Funeral service of Holy Communion  for Victoria Ruth (nee Bartling) Bouman  was observed on the Fifth Day of Christmas, December 29, 2011, at Grace Lutheran Church, River Forest, Illinois.  My sister Victoria, eldest of six siblings,  was born  January 14, 1923 and died early morning Christmas Day.

How to frame a eulogy for my sister?  Really, very simple and straightforward . Victoria was gentle, kind, soft-spoken, most supportive of  her younger brother, when reaching young manhood most kindly complimentary. There is no instance that I can’t recollect any harshness or sibling rivalry or anger in our relationship.  Later years when each of us were raising our own family each of which became large extended families our occasional meeting at reunions, email exchange, phone calls were all characterized by supportive sibling connectedness and affection.  Victoria was beautiful. I recall as teenage young men, some five years younger than Victoria,  at Concordia College in Milwaukee on one occasion at an event  my buddy pointed to Victoria seated somewhat in front of us pointing toward her remarking how attractive she was. My response:  “That’s my sister”.  She was very bright, articulate, with an element of humor added.  Certainly for me, and perhaps Victoria, it was a disappointment she never pursued higher education. The times, it seems, made that not possible. In its place she used wisdom and acquired knowledge in supporting a professionally renowned  husband  – organist, choir director,  choral setting and choral arranger and composer.  Paul and Victoria nurtured  five exceptionally accomplished children.  She was the beloved matriarch of a large clan where all “rise and call her blessed.”

Having written the paragraph above on Dec. 30 I went to pick up the mail.  Among the cards was an envelope with  Ms Victoria Bouman return address sticker, post marked 2:30 pm Dec. 23. Needless to state I was deeply moved having already bidden her formal farewell at her memorial  service the day before (12/29). Her Christmas greeting to Ruth and myself was quintessentially Victoria. As eulogized above her lifelong relationship with her younger brother remained constant to the very end:   “gentle, kind, soft spoken…kindly supportive of her younger brother”.  She wrote in part, “ever since your note and clipping (MetroLutheran: Fred Bartling:  Grace, History and the Civil Rights Movement) arrived in early December I wanted to let you know how proud I am to be related to you! In your quiet way, with Ruth’s support, you have earned much, not the least of it the love of your students.”  She continues to describe her husbands rehabilitating from a serious fall.  In closing she speaks matter of factly regarding herself. “I”m OK, have arthritis in my lower back, so walking is difficult. Our family and Grace (church) folks are a great help. Enjoy your honors, it’s time. Love you both.  Vickie and Paul”  Her final words serve as a benediction and earthly farewell.

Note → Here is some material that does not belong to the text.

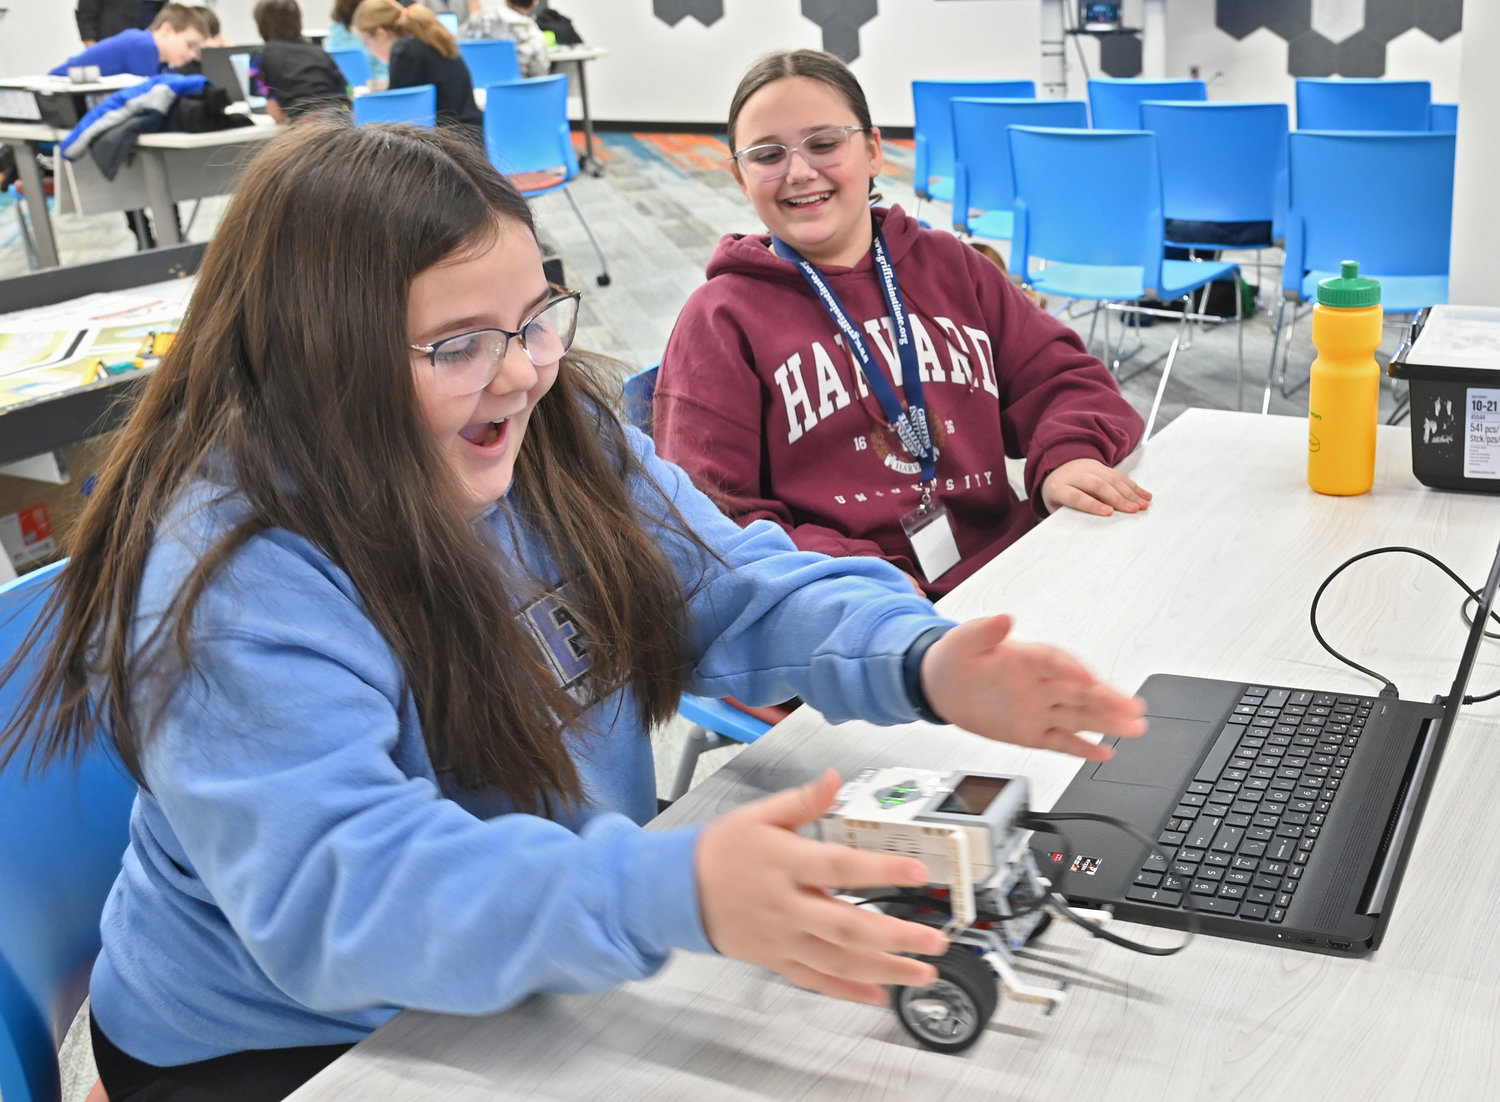 Victoria Parra, a fourth-grader at Bellamy Elementary School and Mackenzie Short, a fifth-grader at Gansevoort Elementary School, react to their robot successfully completing a command on Tuesday, Feb. 21, at Griffiss Institute’s Robotics Camp in Rome.

The death of a third sibling leaves one bereft in grief and sadness.  How comforting that in faith sadness finds balance in gladness. For me the key to her Memorial Service, carefully crafted by Paul,  came at the very beginning of the service. The organ prelude from Bach’s Cantata #106 declares: Gottes Zeit ist die allerbeste Zeit   (God’s time is the very best time). This was followed by Bach’s Aria from Cantata #106, Ich habe genug  (I have enough).  This aria has always profoundly moved me and resonated constantly in my consciousness traveling home.  Schlummert ein, ihr matten Augen, Fallet sanft und selig zu!   “Fall asleep, you weary eyes, Close softly and pleasantly!  World, I will not remain here any longer . . . But there, there I will see Sweet peace, quiet rest.”  Sister Victoria, then, along with brothers Walter and Paul celebrate the faith with us but “on another shore and in a greater light.”

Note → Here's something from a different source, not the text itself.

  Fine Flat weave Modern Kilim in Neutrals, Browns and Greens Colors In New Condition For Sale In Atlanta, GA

ADDENDUM:  An email from niece Janet (Bouman) Peterson – 3 pm, 1/2/2012.

“I put it all together and realized something. A lady in the building talked to my sister (Helene) in the lobby a few days ago and said she met my mother at the mailboxes at 10ish on Thursday night (22nd), and she had one last letter she was getting in the mail. This lady talked about them “cavorting”  down there. We’ve been wondering who got that last letter. I’m so glad you shared and wrote of it.”

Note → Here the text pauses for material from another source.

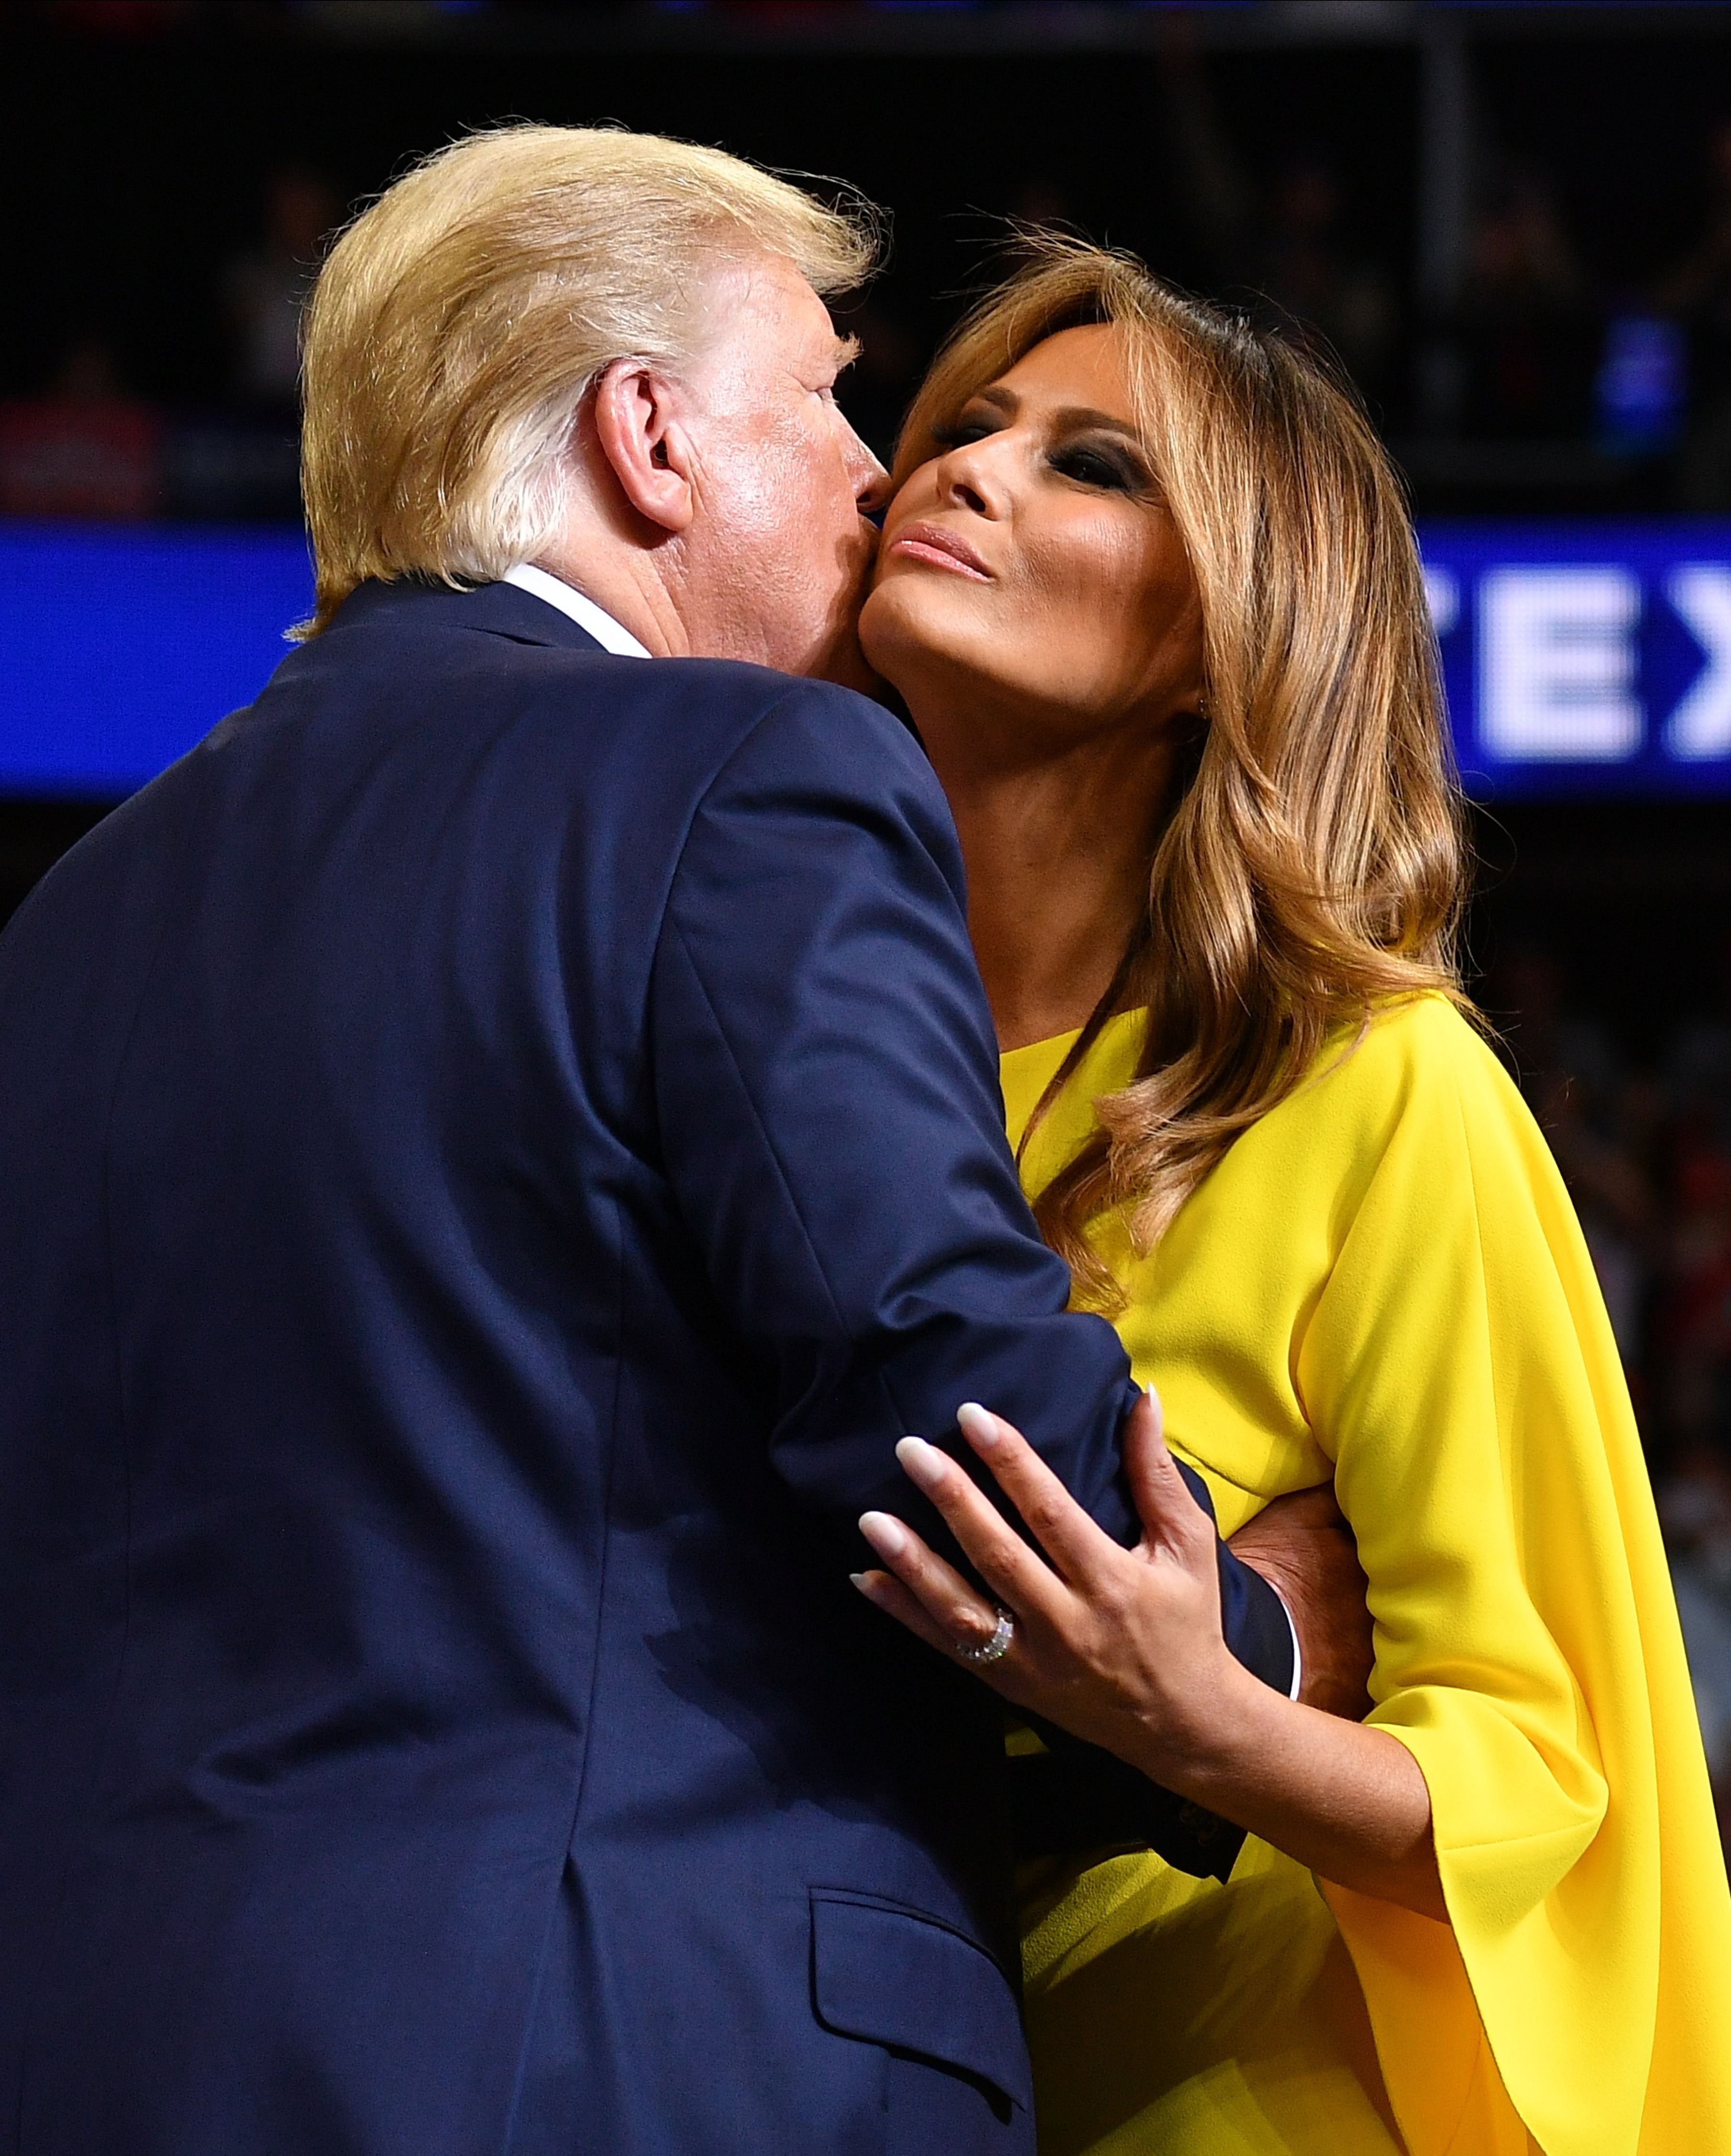 Trump and First Lady Melania Trump embrace.

Published by profbartling1

Retired professor Concordia University, St. Paul, Mn. Taught mainly American History. Also taught in other areas of history, philosophy, and theology,

2 thoughts on “A SIBLING’S CELEBRATORY REQUIEM: Balancing Sadness and Gladness

  1. Dr. Bartling,

    Our deepest sympathies to you and your families at this time of loss. You are in our thoughts and prayers.

    Kathleen Hill-Kuehner
    Mark Kuehner

  2. Fred,

    My deepest sympathies to you and your family. As you so eloquently described her, what a heart-breaking loss indeed.